What Matters Most 1. Pricing pressure. Procurement will likely frame market softness as justification for a discount. This matters now because once the conversation anchors on price, it is hard to move back to value. 2. Product trust. Priya’s team experienced two slow-report incidents last quarter. If not addressed early, that history will weaken any expansion ask. 3. Expansion timing. The analytics seat expansion is plausible, but only if Dana believes the adoption plan is controlled and low-risk.
Recommended Opening "Thanks for making time. I’d like to use this session to confirm what Northstar needs from the next 12 months, address the reporting issues directly, and see whether we have the right conditions to expand analytics access without adding rollout risk."
Questions to Ask 1. Since the reporting incidents, what concerns are still unresolved for your team? 2. Which renewal outcome would make this feel like a strong decision internally? 3. Where do you expect the biggest adoption bottlenecks if analytics seats expand in Q4? 4. What would procurement need to see beyond price to move quickly? 5. Which success metrics matter most to Dana over the next two quarters? 6. Are there compliance or change-management concerns that would block a broader rollout?
Risks and Tensions - Dana may support the product strategically while still asking Priya to prove operational readiness. - Procurement may use the incident history to seek concessions beyond standard discount bands. - Assumption to confirm: Priya is still willing to act as internal champion if support commitments are tightened.
Decision Paths - Best case: renewal confirmed at near-current pricing with a Q4 expansion plan tied to a success checkpoint. - Acceptable fallback: renewal closes now, expansion deferred pending a 60-day performance review. - Walk-away condition: customer demands pricing terms that create an unhealthy precedent without a meaningful scope commitment.
Follow-up Checklist - Send a written support-improvement summary by end of day, owner: VP Customer Success - Share a phased adoption plan for analytics seats by Thursday, owner: Solutions Architect - Confirm procurement redlines and approval timeline within 48 hours, owner: Account Executive
Most meetings do not fail because the agenda was missing.
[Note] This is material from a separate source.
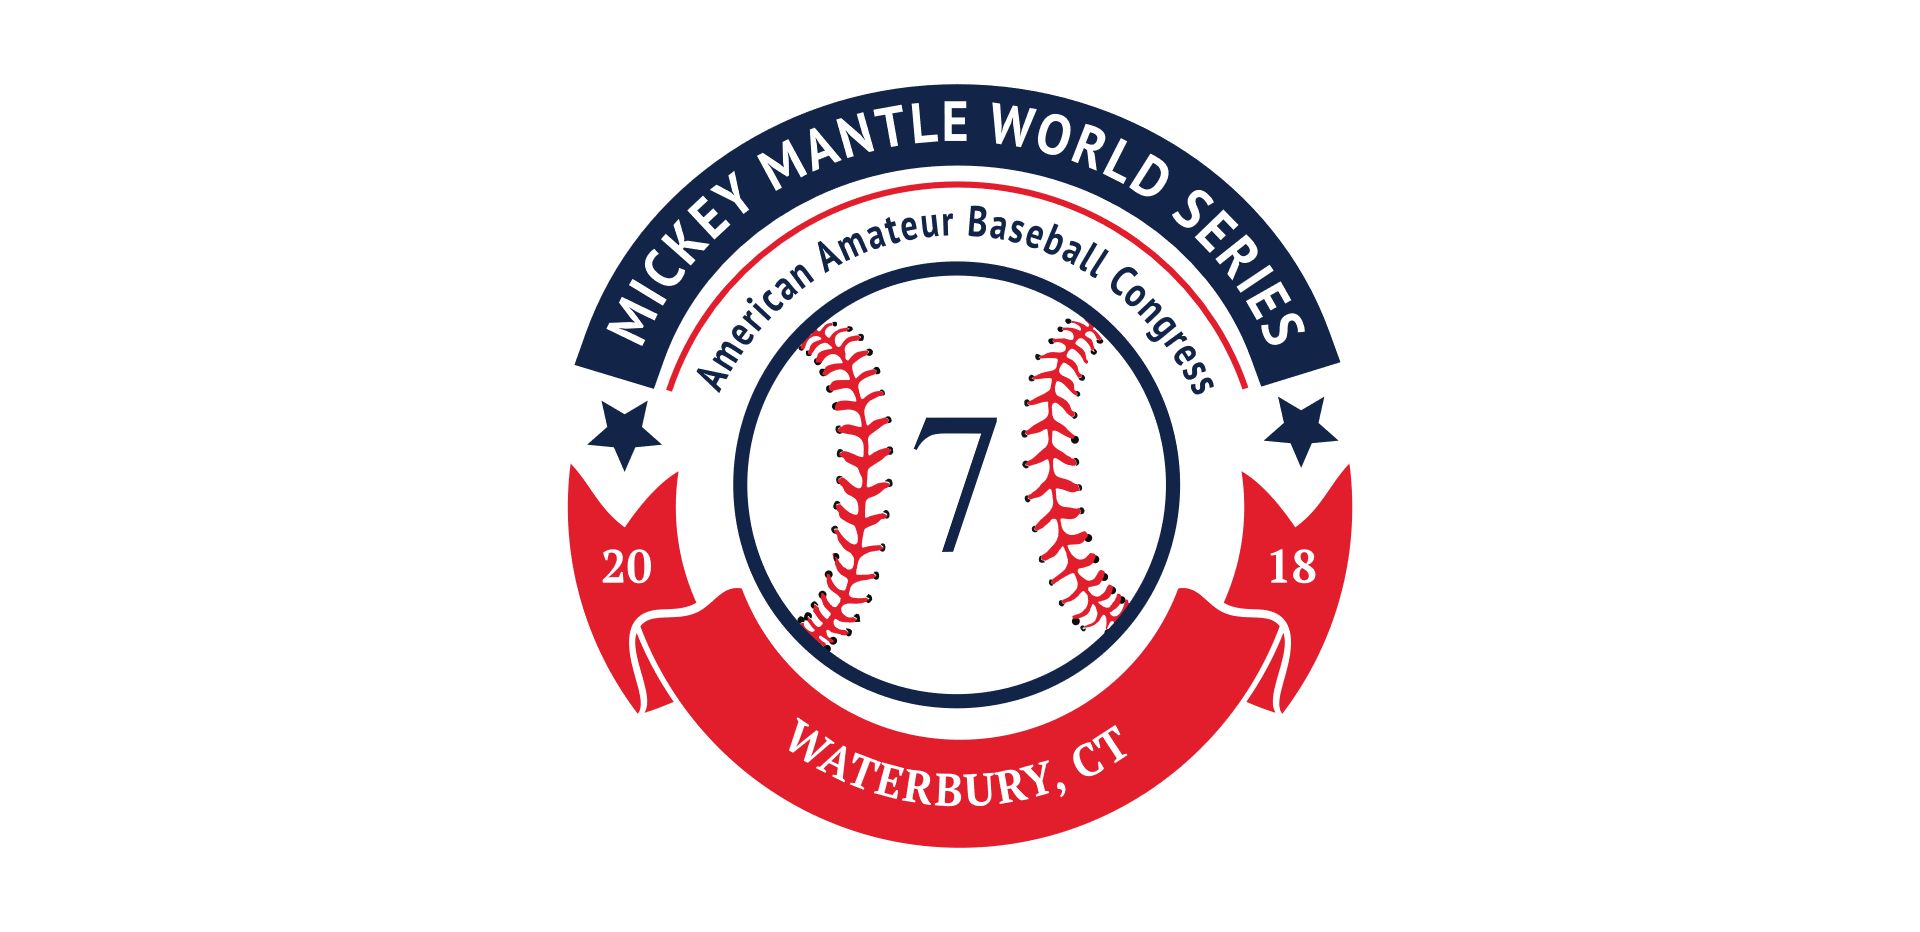 Mickey Mantle World Series 2018

They fail because the person walking in did not have the real conversation mapped out in advance.
This Prompt is built for that problem. You give the model a messy bundle of attendee names, half-finished agenda points, recent emails, and the outcome you want. It gives you a structured brief that surfaces incentives, likely tension points, better opening lines, and the questions that actually move a decision forward.
The design matters. The Role tells the model to think like a chief of staff rather than a generic assistant. The Context allows incomplete material, which is how meeting prep usually looks in real life. The Constraints prevent hallucinated facts and force the model to separate evidence from assumptions. The Output Format keeps the result useful under time pressure instead of sprawling into a vague memo.
What makes this Prompt valuable is that it does more than summarize. It helps you see the room before you enter it. That is especially useful for renewal calls, executive reviews, cross-functional planning sessions, and any meeting where different attendees have different incentives.
If you reuse one work Prompt every week, this is a strong candidate. It shortens prep time, improves the quality of your questions, and makes follow-up far easier because the likely decision paths are already on the page.